Monday, 4 August 2008

Book reviews

I've been doing a lot of thinking the last few days about the computer and the world of the internet and I've come to the conclusion that I need to revise the way in which I use them. It's hard to really get to know someone properly online unless you're exchanging real emails on a one-to-one basis, but it is easy to *think* you know people and then be disappointed and disillusioned. I need to withdraw from virtual worlds a bit, even if that means feeling a bit isolated for a while. Better honestly isolated than feeling the delusion of support.

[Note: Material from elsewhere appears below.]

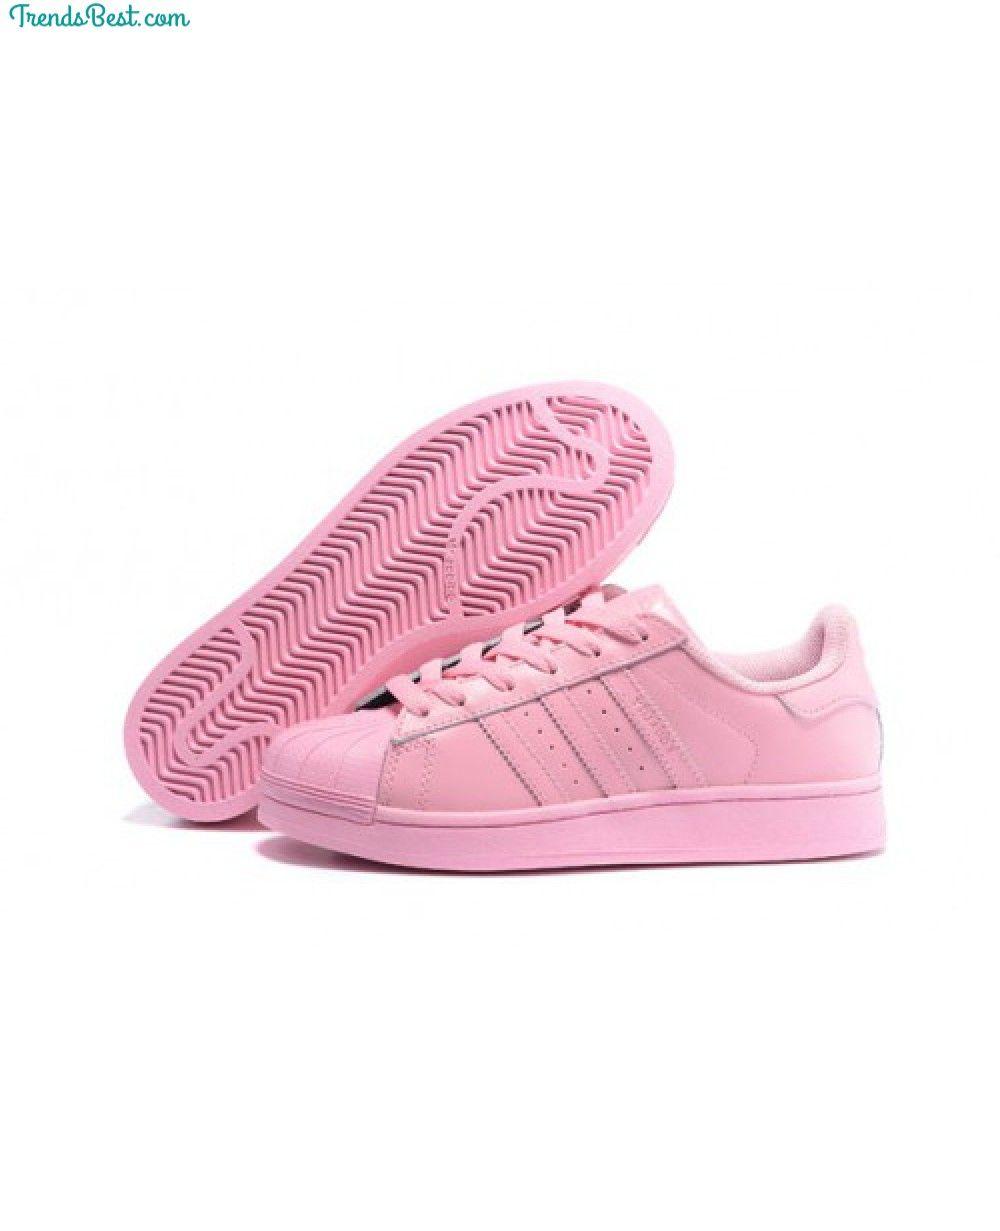 adidas originals superstar womens pink and white

And so to books. Reading and writing are huge parts of my life which I ahven't really alluded to much on my blogs up until now. So, more discussion of what I'm reading and writing. Recently, I read Living with Honour: A Pagan Ethics which was a very dense and thoughtful read and has caused me to reflect on some aspects of my life and think very hard about others. In broad terms, I generally agreed with many of the author's points as I have in her previous books. I've also seen her speak on various occasions so I felt her voice and her passion come through the text which may otherwise have become rather too mystic and abstract. I'm still struggling with some issues raised by the book, which is usually the sign of a good book - sanctity and the practical consequences of animist views are areas I've always struggled to get my head round, but I'd really recommend the book, not only to Pagans as many of the issues raised are relevant to any person of faith, especially perhaps the more environmentally-based faiths such as Buddhism and simple ones such as Quakerism.

I've just finished The Fourth Bear (Nursery Crime Adventures 2) which is the first Jasper Fforde book I have read. I've always been a science-fiction fan but this is different from most I ahve read before. I suppose the nearest other authors to compare it to are Terry Pratchett and Douglas Adams in that it is stuffed full of puns, jokes and allusions to all kinds of literary and general knowledge. However, unlike those two authors, I felt that Fforde sacrificed characterisation and the flow of the story for this humour. The characters' post-modern awareness of being characters in a book and comments of the author's skill or otherwise was very jarring for me, as I like to lose myself in a book and its world. But it is a valid literary device which others may well enjoy, so for that reason I would recommend it.